В Егорьевске я застала старинные школьные парты; в Москве таких уже не было. С наклонной столешницей, дыркой для чернильницы, поднимающейся крышкой, со скамейкой, жёстко соединённой со столом. Парты были из цельного дерева, покрашенные коричневой масляной краской, а столешница была зелёная. Это было чудесное изобретение, впоследствии забытое: они создавали принудительно правильную посадку на занятиях. Сидеть криво на них было технически невозможно, даже для ног была специальная планочка. И в институте мне повезло: там, в здании XVIII века, сохранились длинные-предлинные столы, выкрашенные чёрной краской, а за ними – длинные-длинные, в целый ряд, узкие скамейки, так что я понимаю, что значило ныне ставшее условностью выражение «на студенческой скамье». Возможно, скамейки так и жили тут с XVIII века. А что им сделается? Это современная мебель разваливается «от взгляда», как выражалась моя давняя компаньонка.
Можно ли делать «вечные» вещи? Технически – разумеется. Но чтобы такие вещи стали нормой, потребуется совершить ни много ни мало – революцию. В наименьшей степени промышленную: современная промышленность способна производить любые вещи. Совершить потребуется – социальную, культурную революцию. Быть может, религиозную Реформацию.
Современный капитализм заточен на получение прибыли от сбыта мириадам потребителей. Только непрерывность этого процесса обеспечивает вращение колёс капитализма. А чтобы это происходило, нужно, как минимум, две вещи: 1) чтобы потребитель непрерывно жаждал новых покупок и 2) чтобы себестоимость товаров была как можно ниже.

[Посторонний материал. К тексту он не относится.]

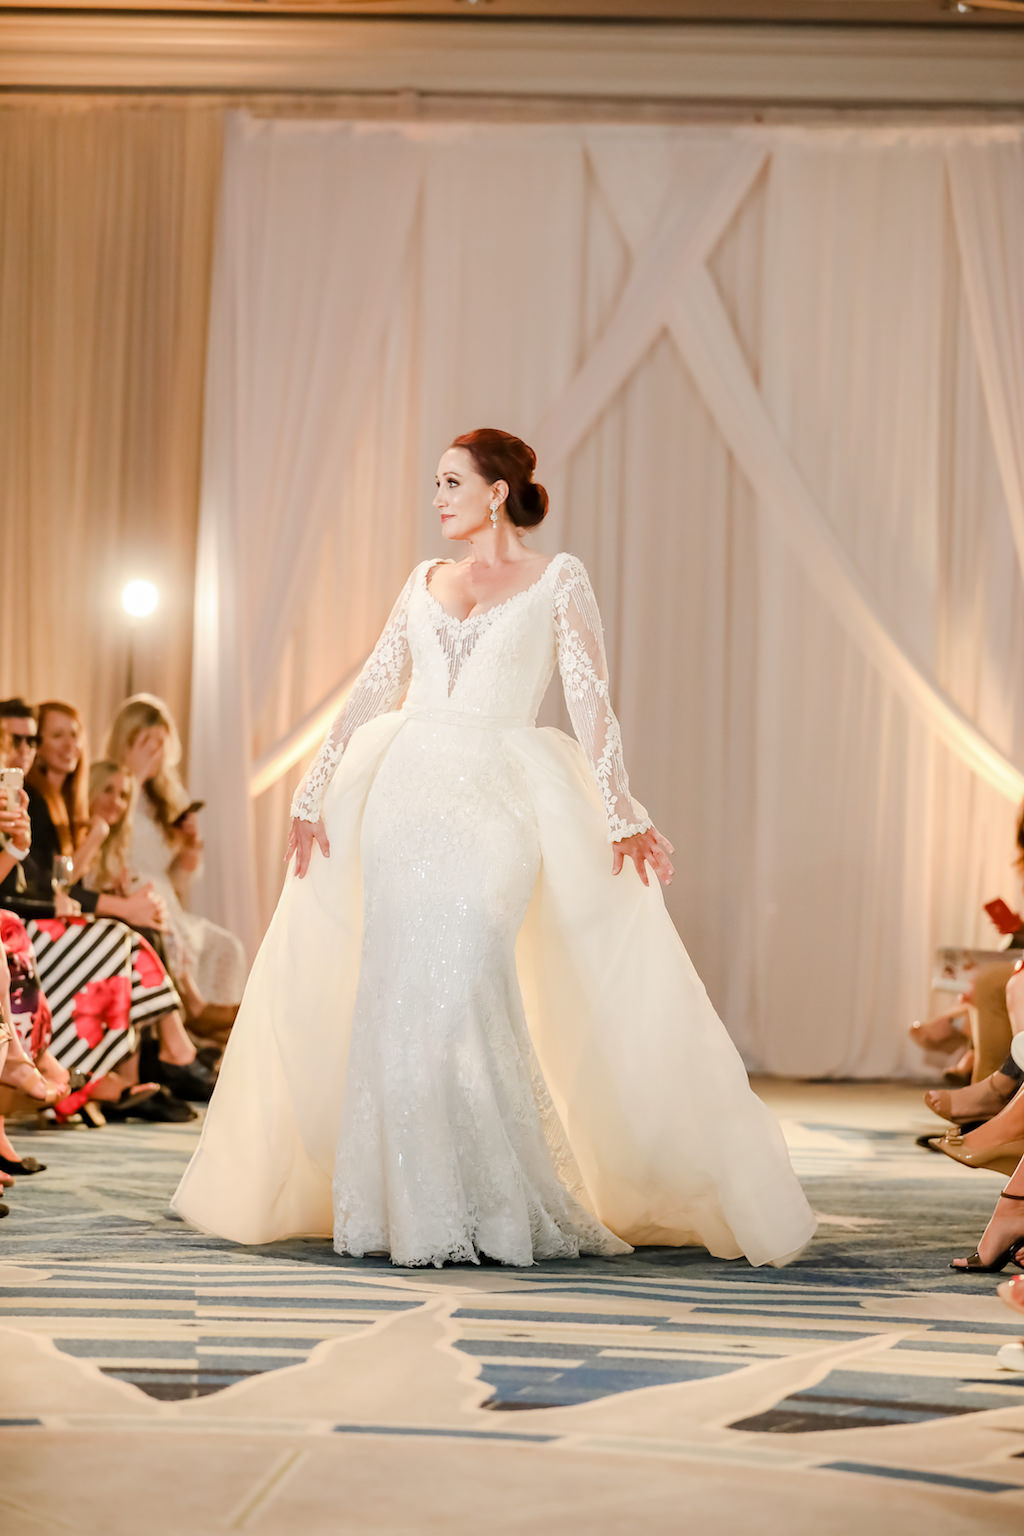 Extravagant, White Fit-and-Flare Wedding Dress, Full Tule Skirt Overlay, Illusion Lace Sleeves | Designer Matthew Christopher | Truly Forever Bridal | The Ritz Carlton Sarasota | Planner NK Weddings

Для первого используется система оболванивания населения через систему образования, СМИ и тотальную рекламу, что превращает взрослых людей в психологических дошколят, непрерывно жаждущих новых игрушек и не имеющих никаких интересов кроме тех, которые полезны хозяевам жизни. Они, хозяева, научились формировать желания, потребности, чувства.

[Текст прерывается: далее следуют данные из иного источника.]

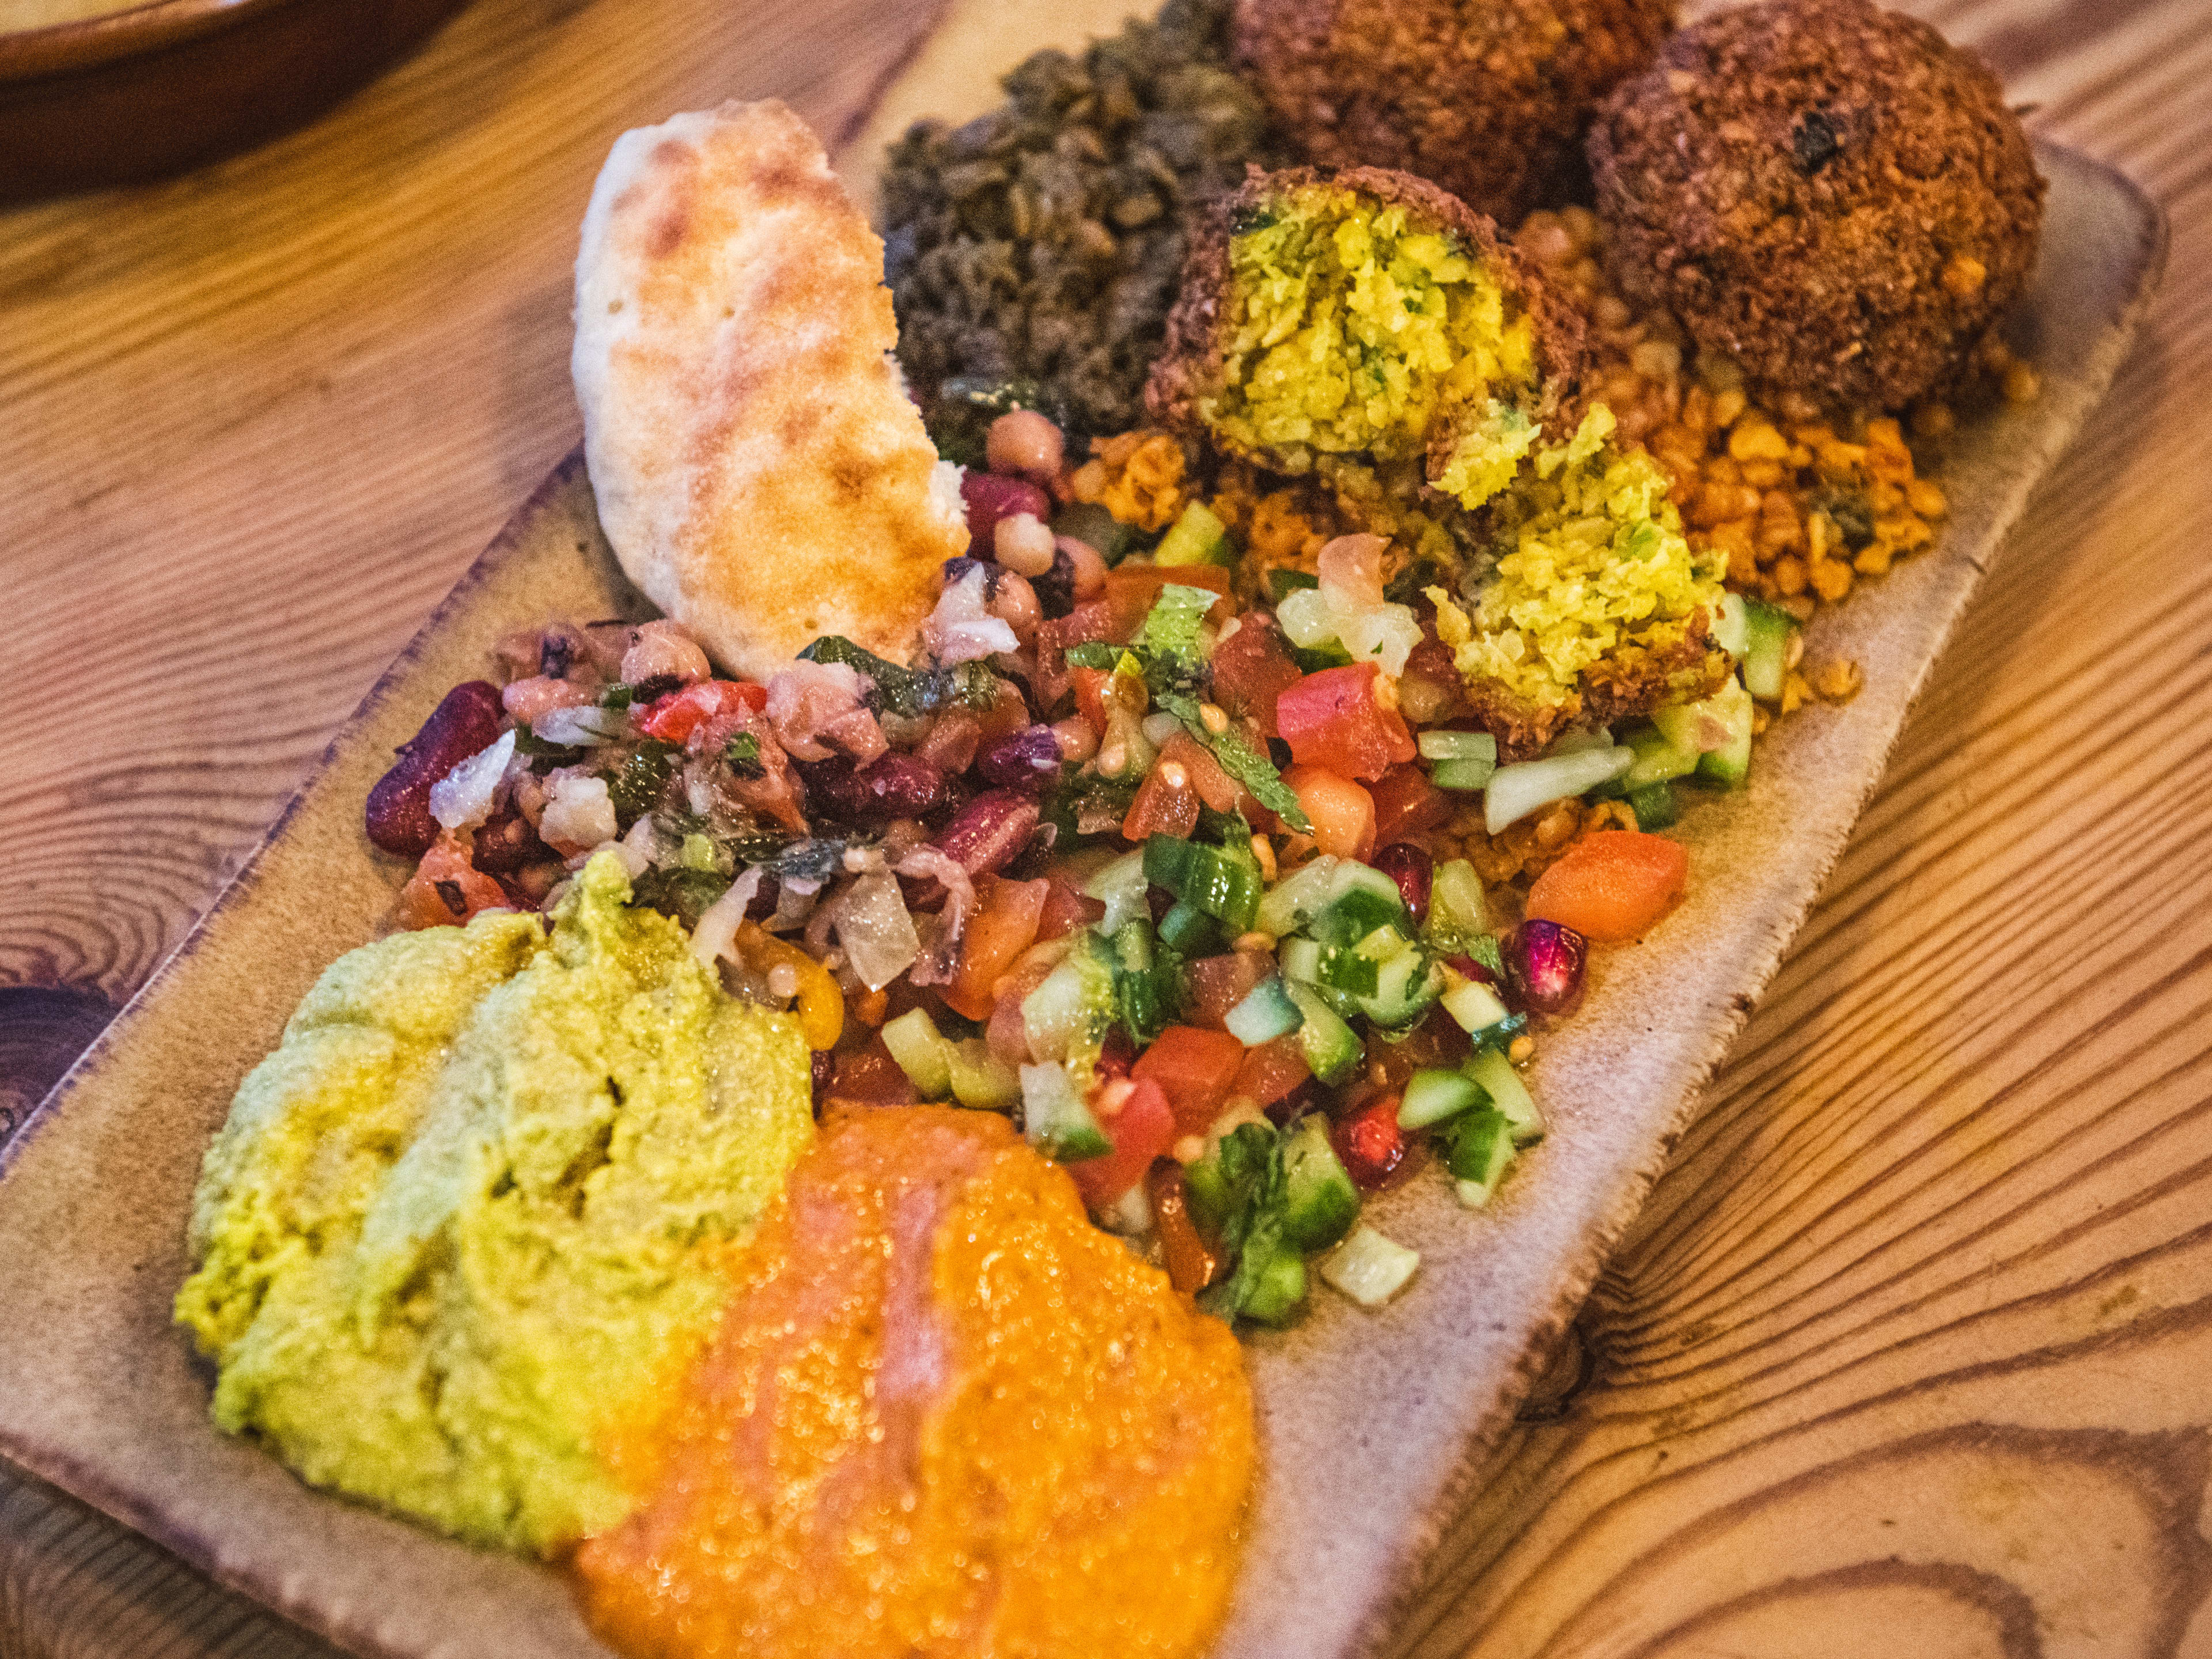 The Falafel Beauty platter from Yada’s.

А чтоб вещи были дешевле, постоянно «рубят косты», выражаясь на профессиональном жаргоне, то есть непрерывно понижают себестоимость. Что в результате получается товар, живущий «от пятницы до субботы» - оно и лучше: развалится – новый купят.
А теперь вообразите: все товары – долгоживущие. Притом дорогие. Купил холодильник – и на 40 лет свободен. А диван и покупать не надо: от деда остался. И чем же будет жив человек? Тот, что вот ещё вчера жил шопингом единым? О чём он будет думать, мечтать? В чём соревноваться с ближним своим? Потребуется какая-то иная шкала достижений. Сегодня её нет. Сегодня соревнуются в уровне потребления: кто смартфонами меряется, кто дизайном виллы, но площадка одна – потребительская.
Средневековый человек искал спасения для будущей жизни, которая казалась ему единственно подлинной. А жизнь нынешняя – лишь подступом к той. Сегодняшний человек в будущую жизнь верит слабо, потому стремится повеселее и позабористей пожить в настоящей. Чтобы вернуться к долгоживущим вещам, человечеству придётся поднять глаза от корыта и вновь научиться глядеть в небо. Это трудно.
Можно ли провести такую революцию «в отдельно взятой стране»? Не отгородившись от стран безудержного потребительства – нельзя. Потребительство легко, оно базируется на худших сторонах человека, потому всегда будет соблазнительно.
Но перспектива – за долгоживущими вещами и за непотребительскими ценностями. Если человечеству суждено выжить, его ждёт Новое Средневековье, в котором именно так и будет.